Musée National du Château de Versailles

Dans la toute première moitié du XVIIIe siècle apparaissent dans l’habillement féminin des manteaux courts en velours ou en satin, doublés d’hermine ou de toute autre fourrure, devenue à la mode pour cause de l’usage qu’en faisait la reine.
Marie Leszczynska était très frileuse et redoutait des courants d’air glacial qui balayaient le château de Versailles pendant l’hiver. 

La robe volante a subi des modifications au niveau de la taille et du buste à partir des années 1730-1740. 
La poitrine a été mise davantage en valeur, les hanches sont restées volumineuses grâce à un panier ovale et très large, pouvant aller jusqu’à quatre mètres. 
La taille se montrait fine dans un corsage ouvert et ajusté sur le devant, l’ouverture dissimulée par une pièce d’estomac triangulaire et ornée.

Pièce d’estomac 1730-39,  fashionhistory.fitnyc.edu

L’ouverture du manteau et la partie visible de la jupe portaient une riche ornementation de bouillonnés et de volants. Sur les manches “en pagode” on fixait des ruchers en dentelle ou des engageantes amovibles. Autour du cou s’enroulait une ruche de la même étoffe. 
Cette robe dite “à la française”, a eu rapidement du succès et a été, avec peu de modifications, la robe de Cour en France jusqu’à la Révolution.

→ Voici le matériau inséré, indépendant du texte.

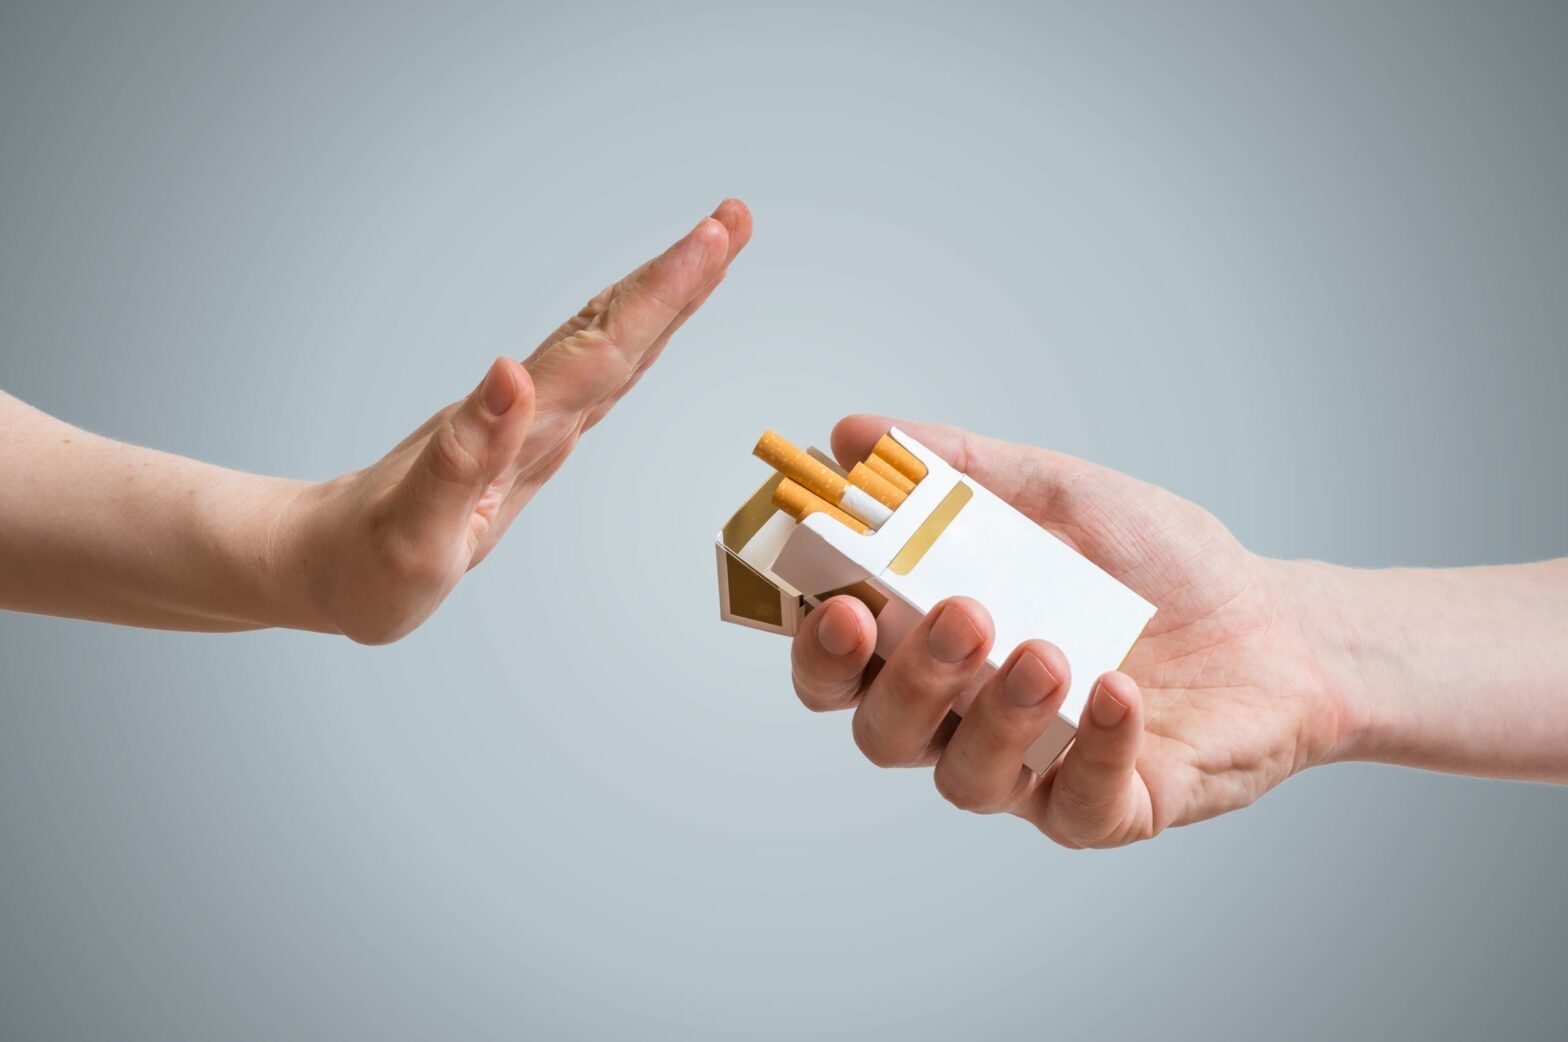 Little progress made by tobacco firms in harm reduction

Les souliers avaient un talon haut, incliné vers l’avant, en cuir blanc pour les tenues courantes, et en soie brodée pour paraître à la Cour. 

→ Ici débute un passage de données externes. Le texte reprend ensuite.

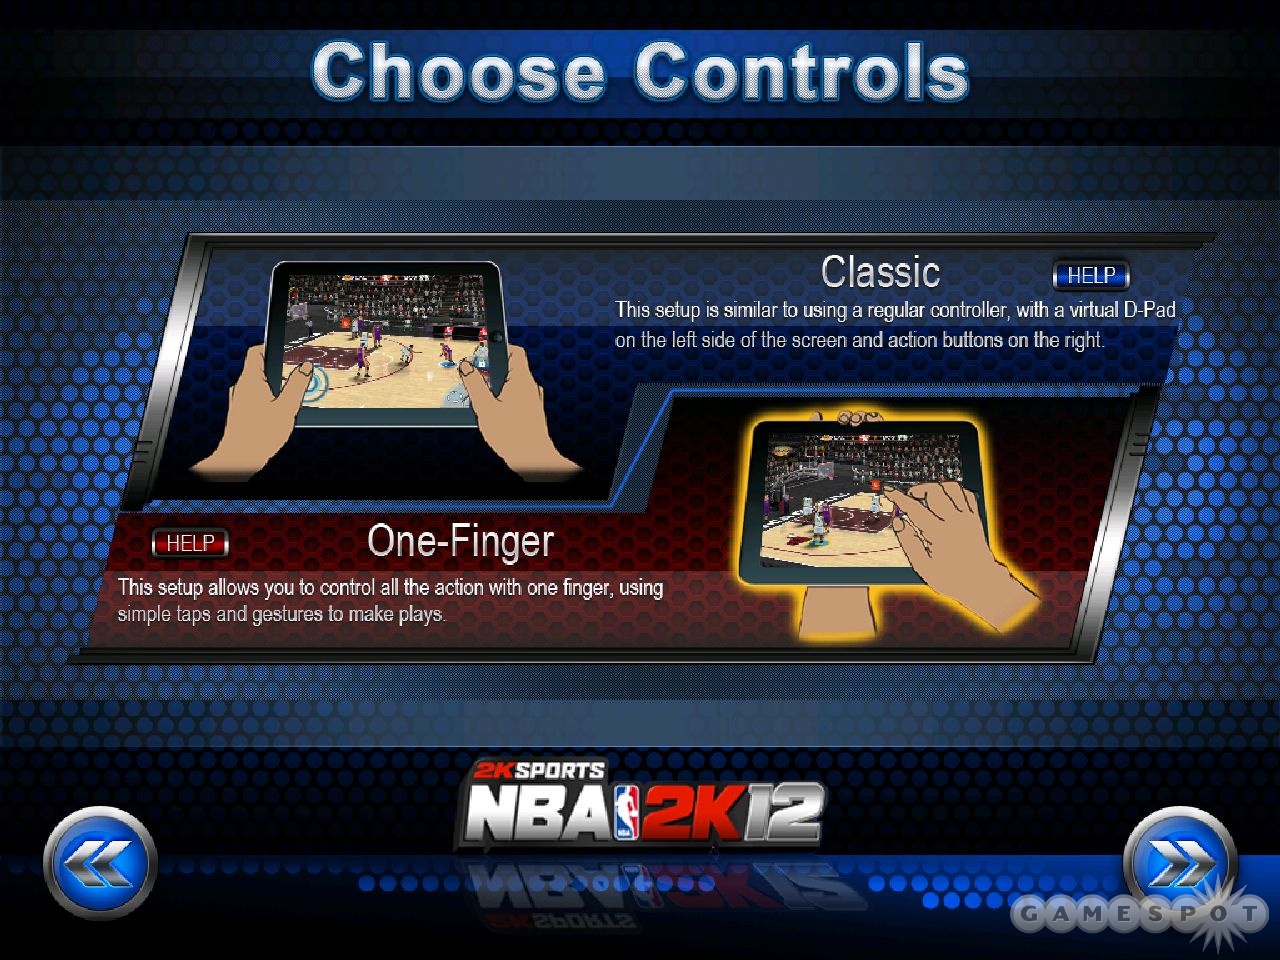 Your two control choices

Talon Louis XV 1760-65, Musée d’Art du comté de Los Angeles

La reine Marie Leszczynska porte une robe à la française. Les manches sont en ruchers de dentelle, la pièce d’estomac au milieu du corsage, la jupe montée sur un panier de grande largeur. Portrait de Carle van Loo, 1747. Musée National du Château de Versailles

A la fin du règne de Louis XV, la mode était à l’esprit champêtre qui s’engouffrait petit à petit dans les palais aristocratiques.
Les promenades dans les jardins et à la campagne ont imposé de nouvelles tenues, plus légères. C’était le début de la mode dite à l’anglaise.
Pour pouvoir bouger et marcher dans la nature, on a assoupli le corset et on a diminué le panier.
 La petite traîne de la jupe était montée sur de petits plis à la taille, soutenue par une tournure matelassée, appelée “le cul de Paris”.  
On donna à cette nouvelle tenue le nom de “robe de jardin” ou de “corps à l’anglaise”.

La mode masculine

La mode masculine subit des modifications, elle aussi, à partir de 1715.

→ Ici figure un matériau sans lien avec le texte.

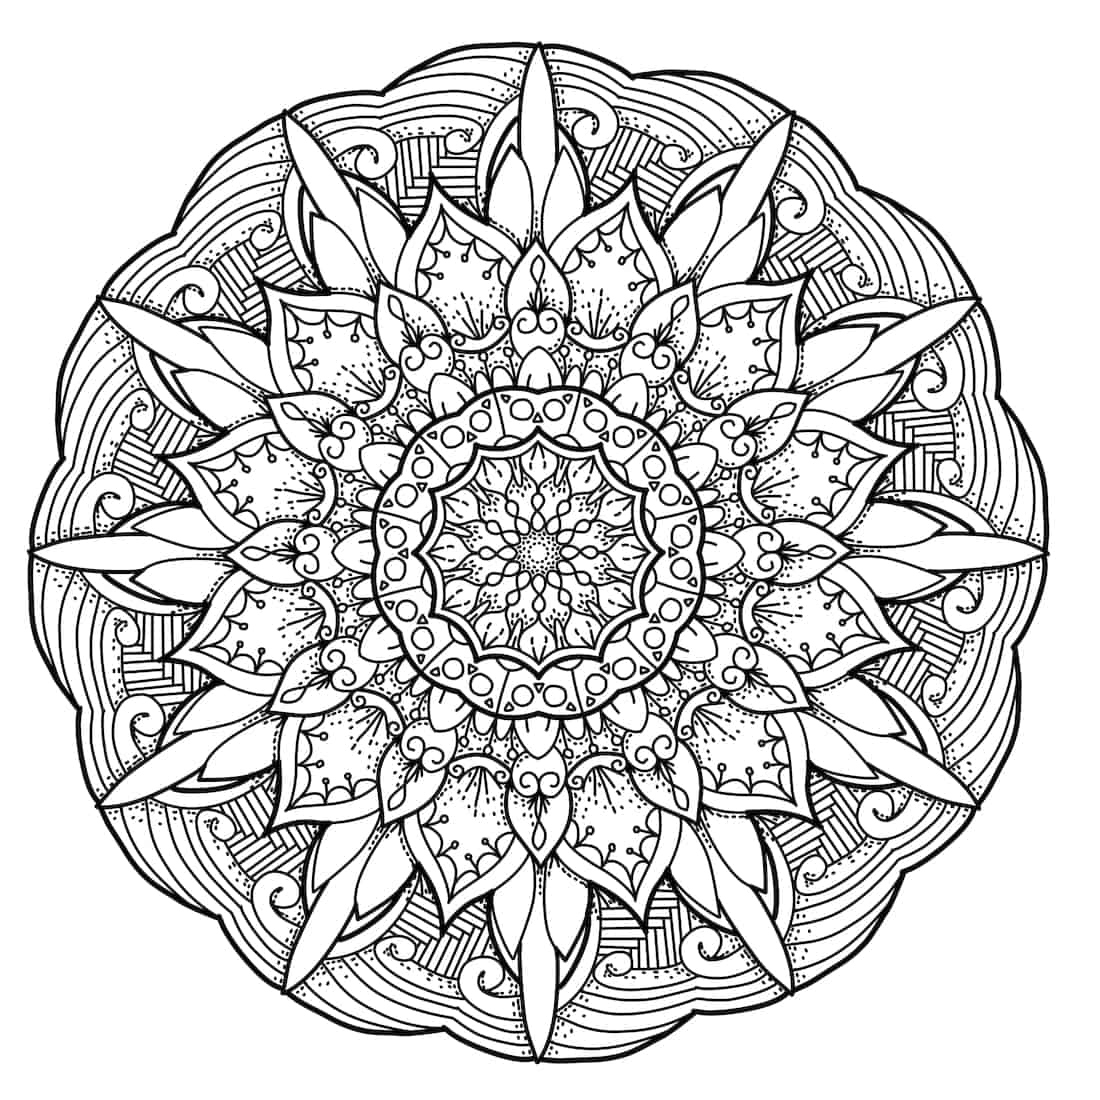 Free Coloring Pages For You To Print - Monday Mandala inside Free Mandalas To Colour In Printable

Sous la Régence, les basques du justaucorps (sorte de manteau), s’élargissent à l’aide de multiples plis lui donnant une forme de jupon. Les manches ont de grands parements ouverts, arrondis ou droits.
Le gilet, porté sous le justaucorps, a presque la même longueur.
La culotte descend sous le genou, fermée avec les mêmes boutons que ceux du manteau. Les bas montent au-dessus des genoux, roulés et attachés par une jarretière.
Cette tenue figure sur le portrait du dauphin Louis-Ferdinand, fils aîné de Louis XV, peint aux alentours de 1738 par Louis Tocqué.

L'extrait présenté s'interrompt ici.